I've started with the knob at 180, and go down 3° by 3°. "3°" is an approximation from the scale written on the knob but, even if it's wrong (more or less than 3°), measures were made ​​by moving the knob rather regularly. The reference frequency is 55Hz, chosen out of peaks and deeps of the spl curve of the TS10. You can see the plot of measurements in the attached file.

Two things are obvious : first : REW is a very good tool for measurements and analysis, helping efficiently to "see" parts of the sound and there behavior in front of changes. Second : As Tannoy told me that "The adjustment phase is linear", there is something with the knob or with electronics around the knob unless I'm missing something.

I've managed to set a correct phase joining between the TS10 and the S800, at first with REW, confirmed by the spl behavior around the xo frequency (85Hz for me). 

Now, I'm going to contact Tannoy, to explain them the behavior of this damned phase knob, and see if there is reactions from them, I like to be sure that things are working as they should.

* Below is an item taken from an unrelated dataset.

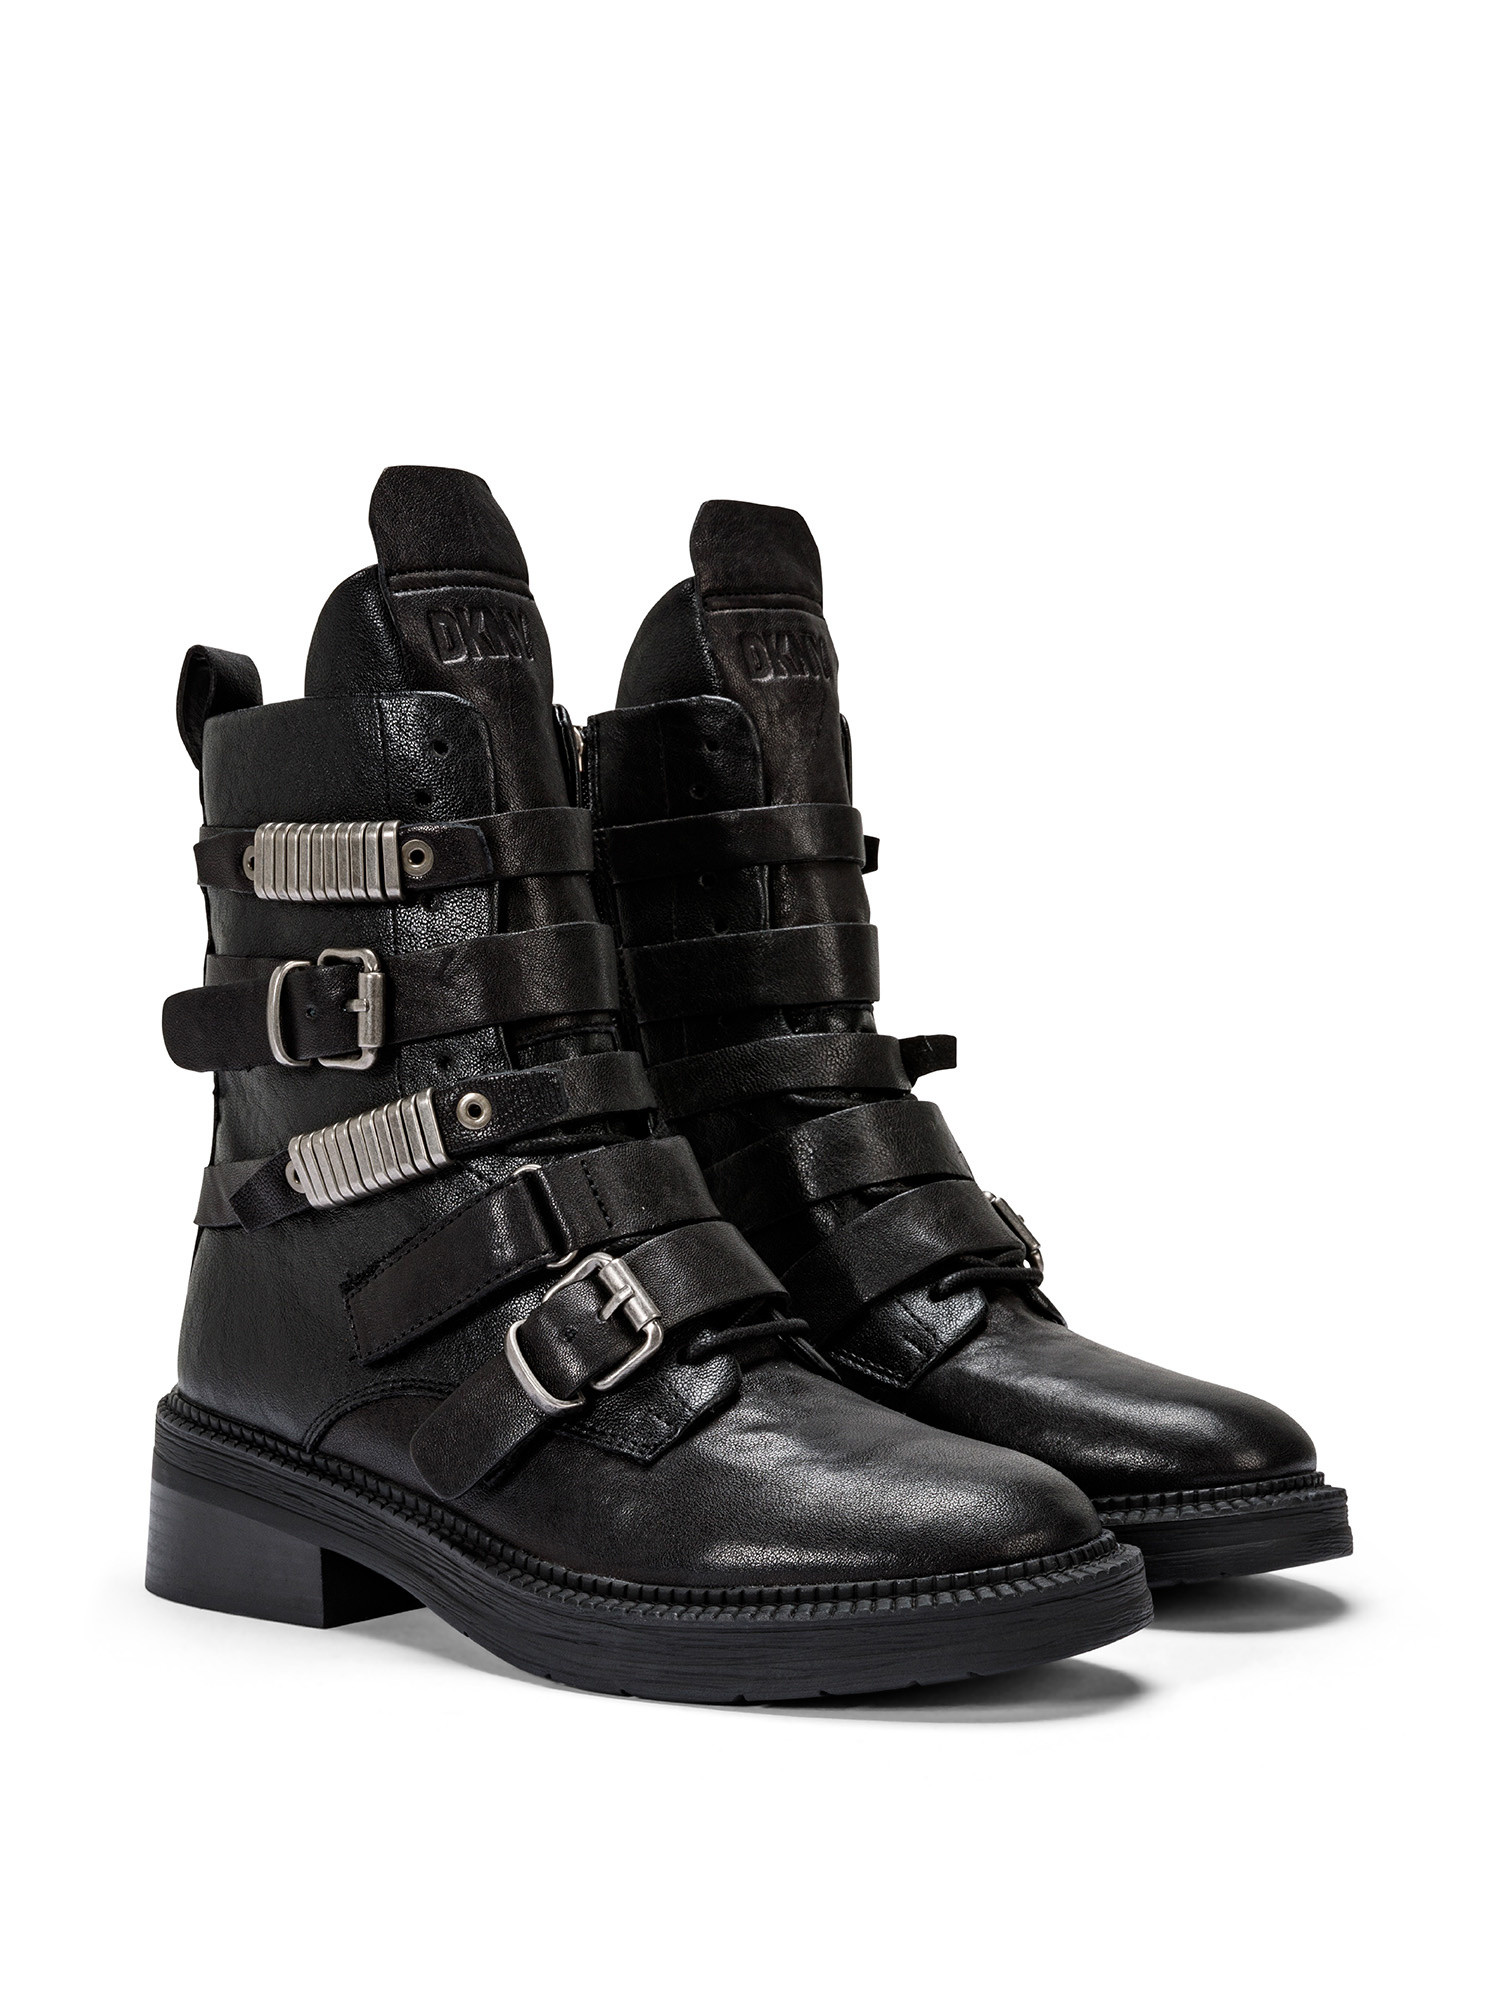 DKNY - Lace up ankle boots, Black, large image number 1

In a probably distant future, I plan to manage this system with something like that : http://www.xilica.com/?c=78&cat=2&id=2, but for now I hope that my old Ultracurve will do the eq job, rather than hanging out anywhere.

I will give soon some news on my "control room" in the old thread concerning it (http://www.hometheatershack.com/forums/pro-audio/37520-another-small-home-studio-control-room.html)

Thanks again to all


----------